Task directions
Each line in the material below, starting at the one with "Game Icon Bonus." and ending at the one with "Gone RogueGildan® - Youth", is to be reproduced exactly; no picture is to be copied.

Extracted information

◆ ◆ ◆ ◆

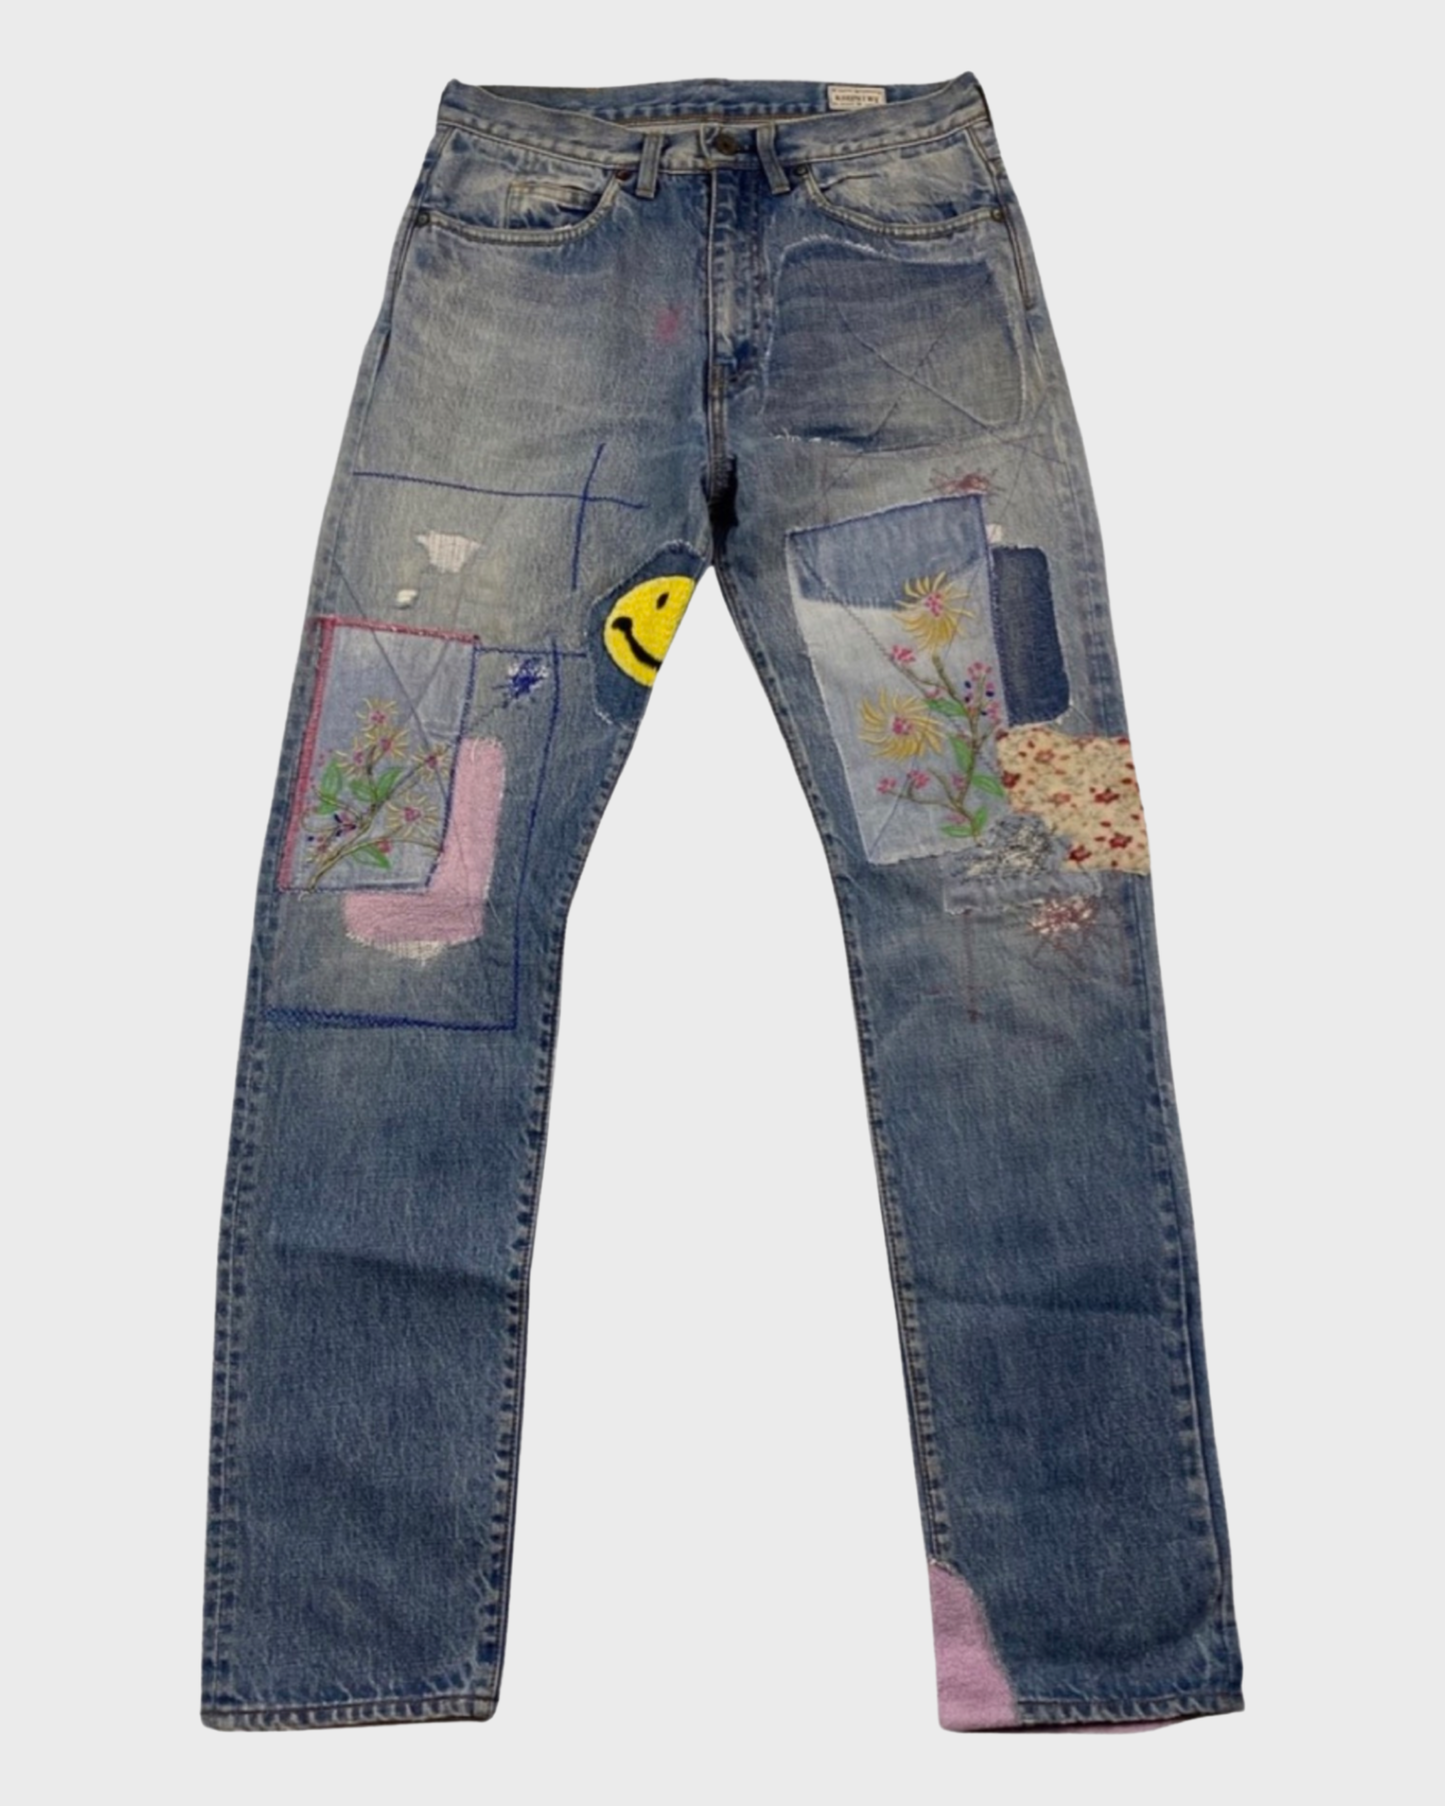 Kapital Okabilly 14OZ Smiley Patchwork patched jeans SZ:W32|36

◆ ◆ ◆ ◆

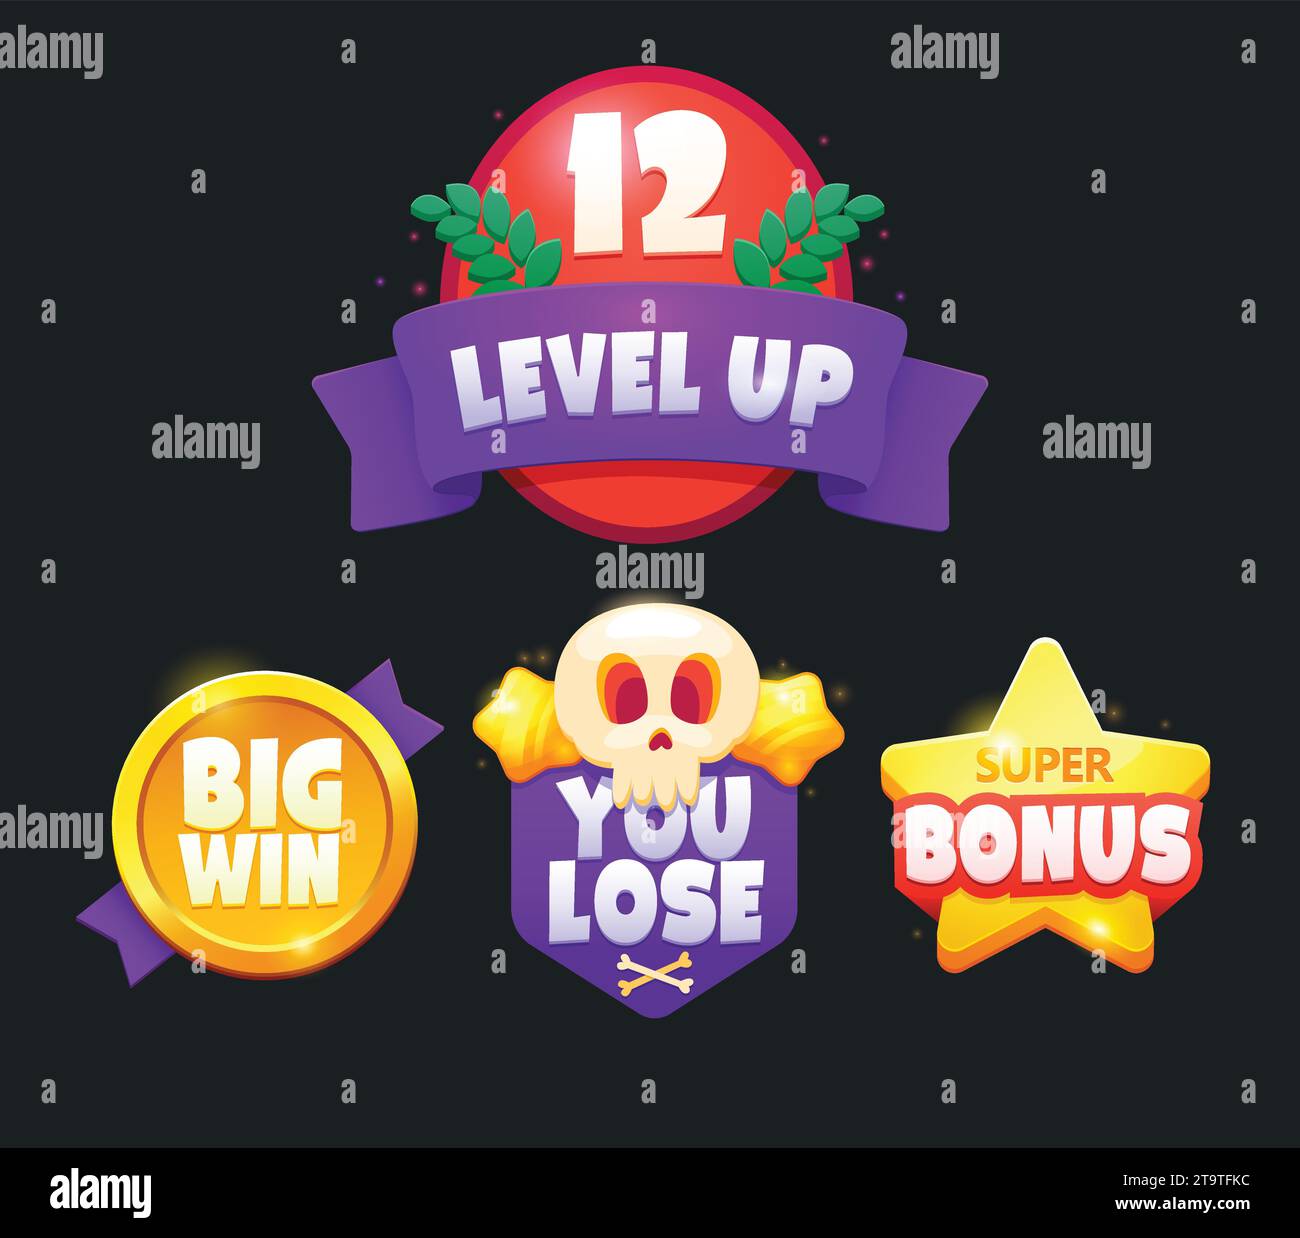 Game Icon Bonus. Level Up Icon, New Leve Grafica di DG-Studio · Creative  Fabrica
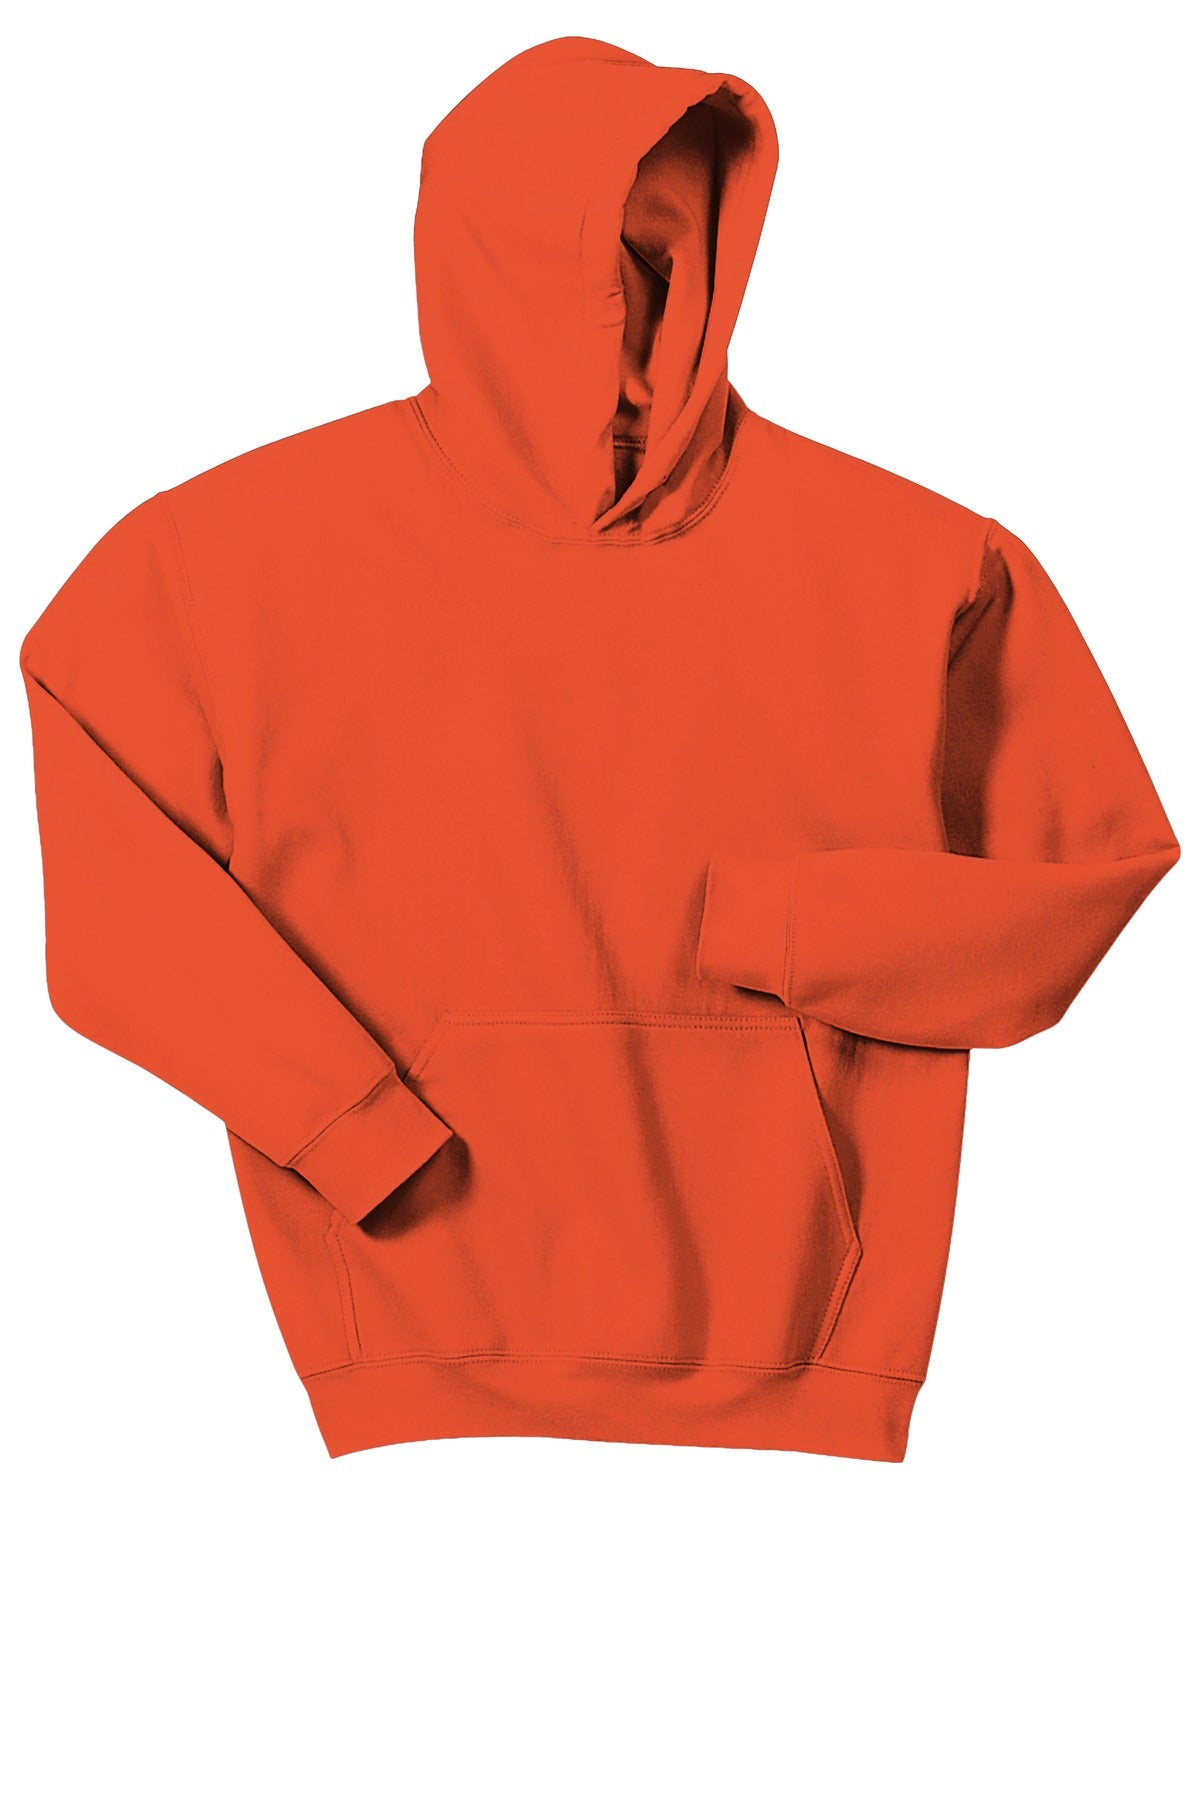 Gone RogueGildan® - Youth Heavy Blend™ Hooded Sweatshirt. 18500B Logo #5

◆ ◆ ◆ ◆

Worked solution
 Game Icon Bonus. Level Up Icon, New Leve Grafica di DG-Studio · Creative  Fabrica
 Gone RogueGildan® - Youth Heavy Blend™ Hooded Sweatshirt. 18500B Logo #5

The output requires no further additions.